Add a cell to setup the Ray cluster certificates for mutual TLS:
```
generate_cert.generate_tls_cert(cluster.config.name, cluster.config.namespace)
generate_cert.export_env(cluster.config.name, cluster.config.namespace)
```
The generate cert instructions only work in a Ray cluster that is up and running. If you run this cell before the cluster is ready, you will get an error.
Add a cell to check on the cluster details:
```
cluster.details()
```

Add a cell to configure the training job submission:

# Initialize the Job Submission Client
"""
The SDK will automatically gather the dashboard address and authenticate using the Ray Job Submission Client
"""
client = cluster.job_client
# Submit an example mnist job using the Job Submission Client
submission_id = client.submit_job(
    entrypoint="python mnist_fashion.py",
    runtime_env={"working_dir": "./","pip": "requirements.txt"},
)
print(submission_id)

Use the following code lines to create cells to monitor the job status:

# List all existing jobs
client.list_jobs()

# Get the job's status
client.get_job_status(submission_id)

# Get job related info
client.get_job_info(submission_id)

# Get the job's logs
client.get_job_logs(submission_id)

You can use the client.get_job_status(submission_id) instruction to check the status of the job. The status can be Pending, Running, Succeeded, or Failed.

You can iterate over the client.get_job_status(submission_id) instruction to create a cell that waits until the job reaches the Succeeded status.

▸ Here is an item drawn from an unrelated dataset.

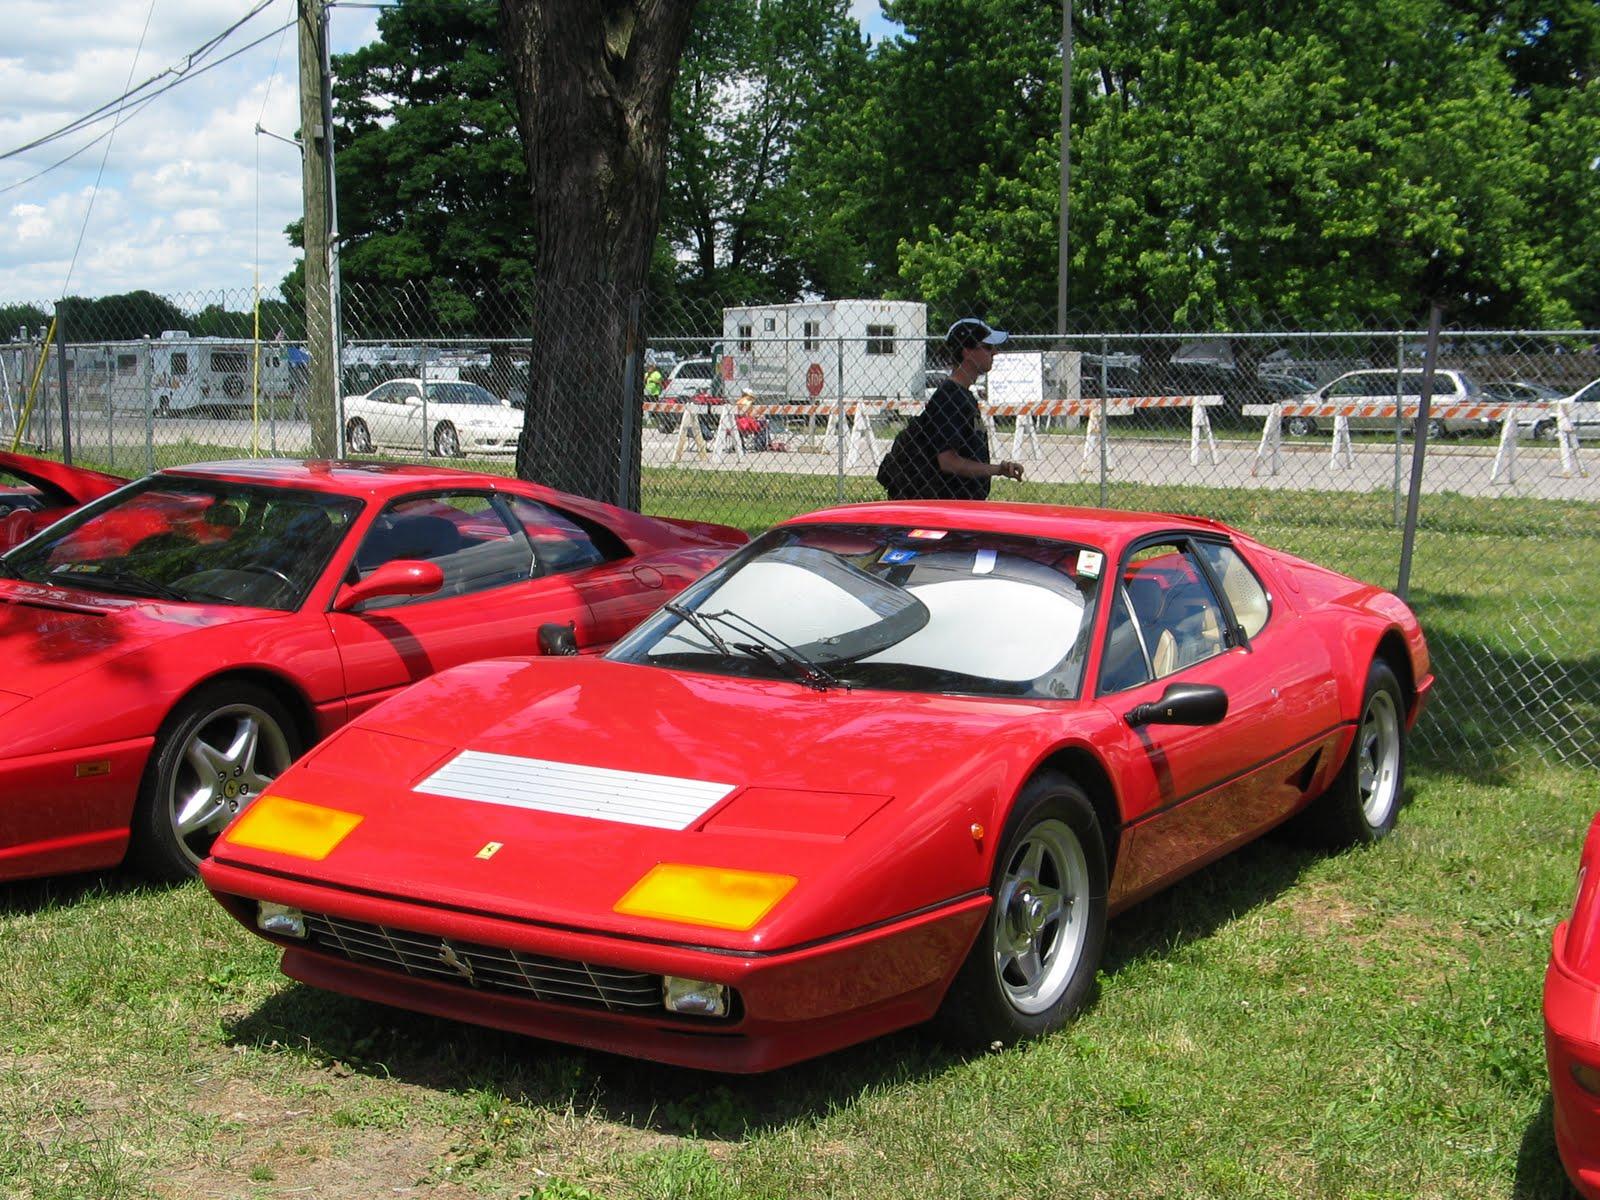 http://2.bp.blogspot.com/-ZxN6gNQdneU/TjAJyXALBbI/AAAAAAAAAvQ/y3ERs0EpvI0/s1600/Ferrari_Berlinetta_Boxer.jpg
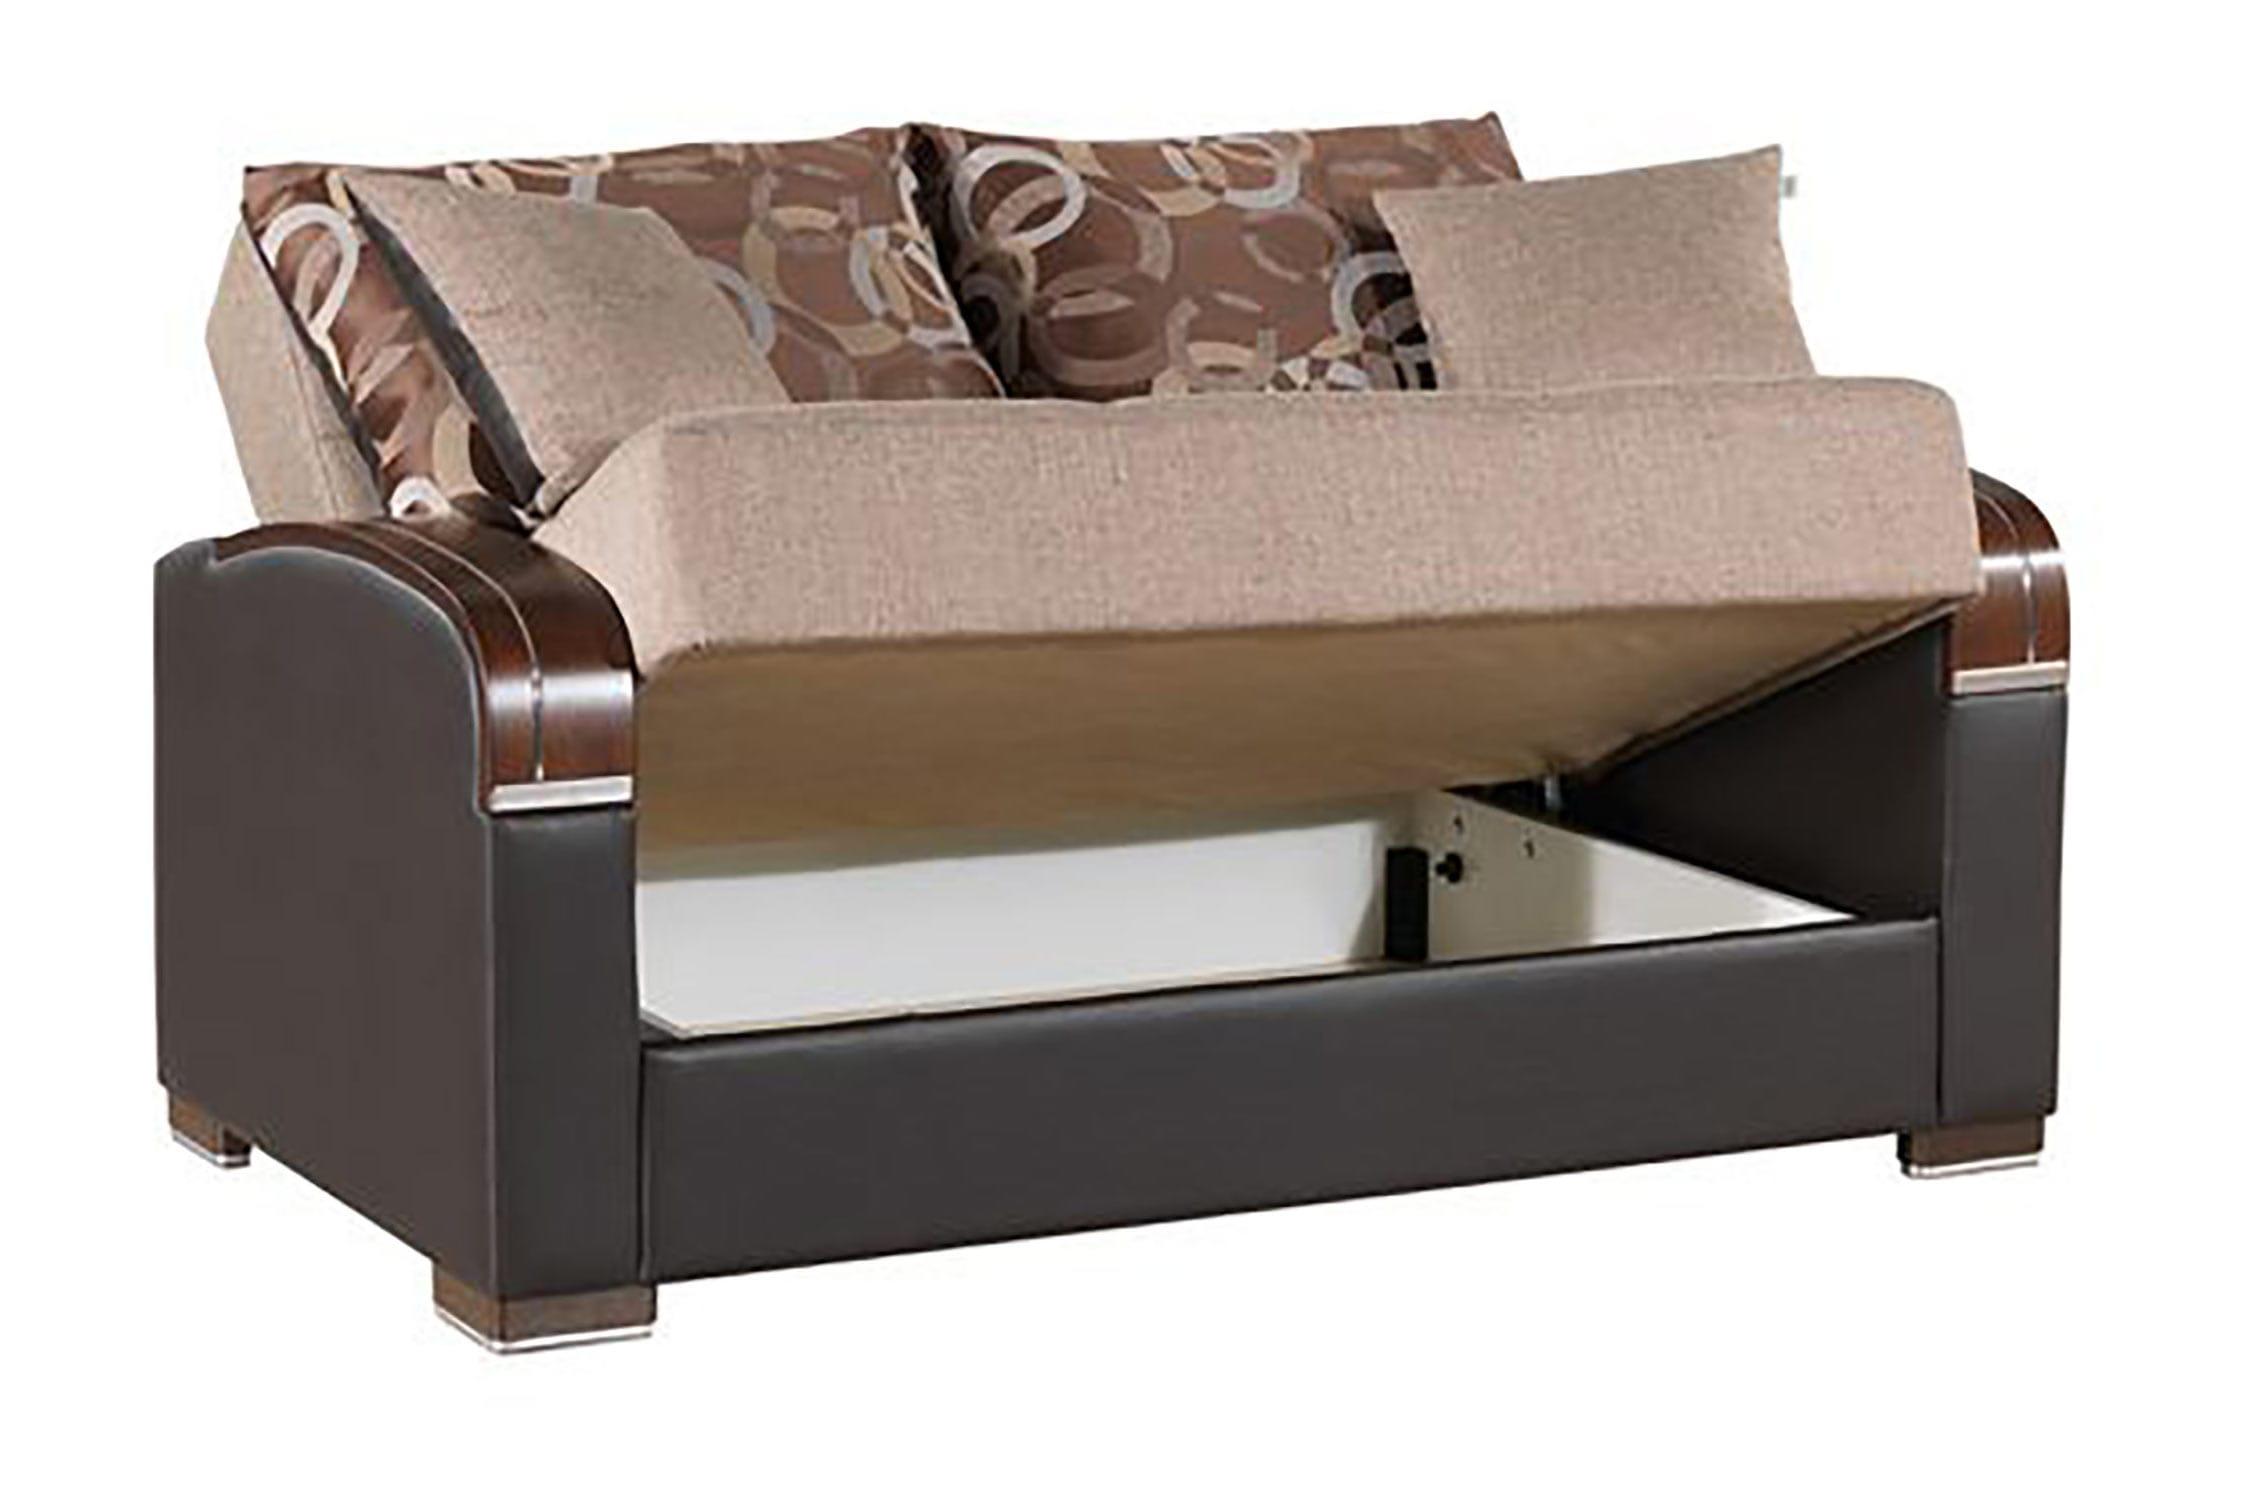 Brilliant Mobimax Brown Loveseat By Casamode Inzonedesignstudio Interior Chair Design Inzonedesignstudiocom

while client.get_job_status(submission_id).upper() != "SUCCEEDED":
    pass
print("Job Succeeded")

Open the Ray cluster dashboard and monitor the job status.
Wait for the job to finish.
Add a cell to stop the Ray cluster:
```
cluster.down()
```
Notice that the Ray cluster will be stopped, and the status will be Inactive. Also, the Ray cluster dashboard will be unavailable.
Add a cell to log out of the OpenShift cluster:
```
auth.logout()
```
Save and close the notebook.

References and Further Reading

Ray.io documentation - the Ray docs with some great example code libraries for various features, check out the Getting Started section as well as the Kubernetes architecture guide.
How to fine-tune Llama 3.1 with Ray on OpenShift AI - a great example of fine tuning a large LLM using multiple GPU worker nodes, and monitoring the training execution cycle.
Source Code - check out the source code repo, which includes additional examples of distributed training.
Fine-Tune Llama 2 Models with Ray and DeepSpeed - another distributed training example from ai-on-openshift.com

Questions for Further Consideration

How many GPUs did Meta use to train Llama3? Hint: Search this paper for the term 16K for some fascinating insights into massive distributed training.
How many GPU cores would you realistically need to retrain the Llama3 models?
How many GPU cores would you realistically need to retrain the Granite models?
What else can Ray help with, other than distributed model training? Hint: See the Ray getting started guide in the references above.